Source records:
══════
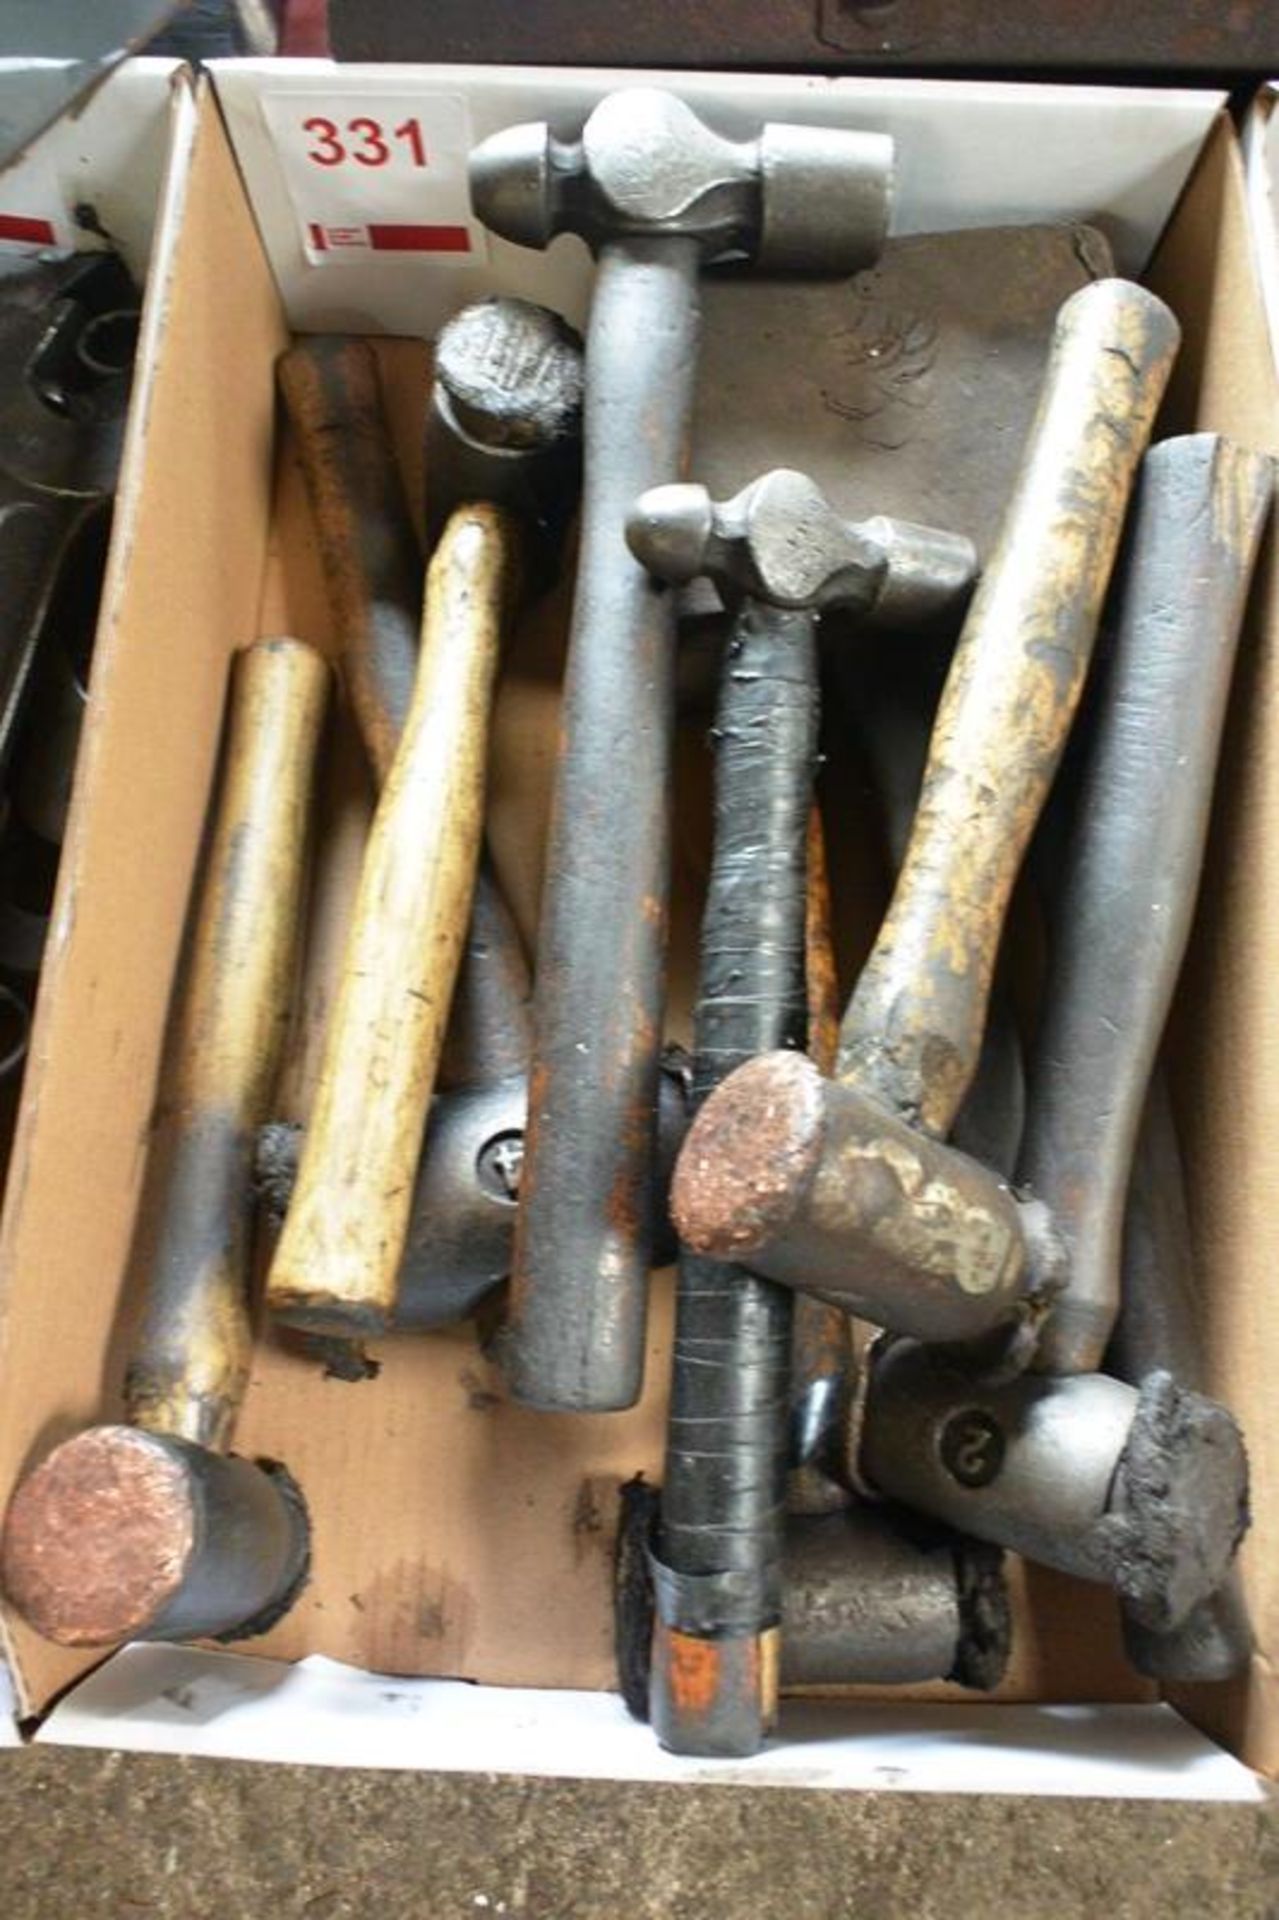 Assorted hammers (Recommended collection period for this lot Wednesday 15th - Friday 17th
══════
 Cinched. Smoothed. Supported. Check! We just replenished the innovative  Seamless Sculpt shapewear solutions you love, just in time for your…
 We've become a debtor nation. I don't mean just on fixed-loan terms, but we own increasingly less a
══════
Problem to solve:
Scan the entries for lines holding the string "just", then copy every one of them.

Result:
 Cinched. Smoothed. Supported. Check! We just replenished the innovative  Seamless Sculpt shapewear solutions you love, just in time for your…
 We've become a debtor nation. I don't mean just on fixed-loan terms, but we own increasingly less a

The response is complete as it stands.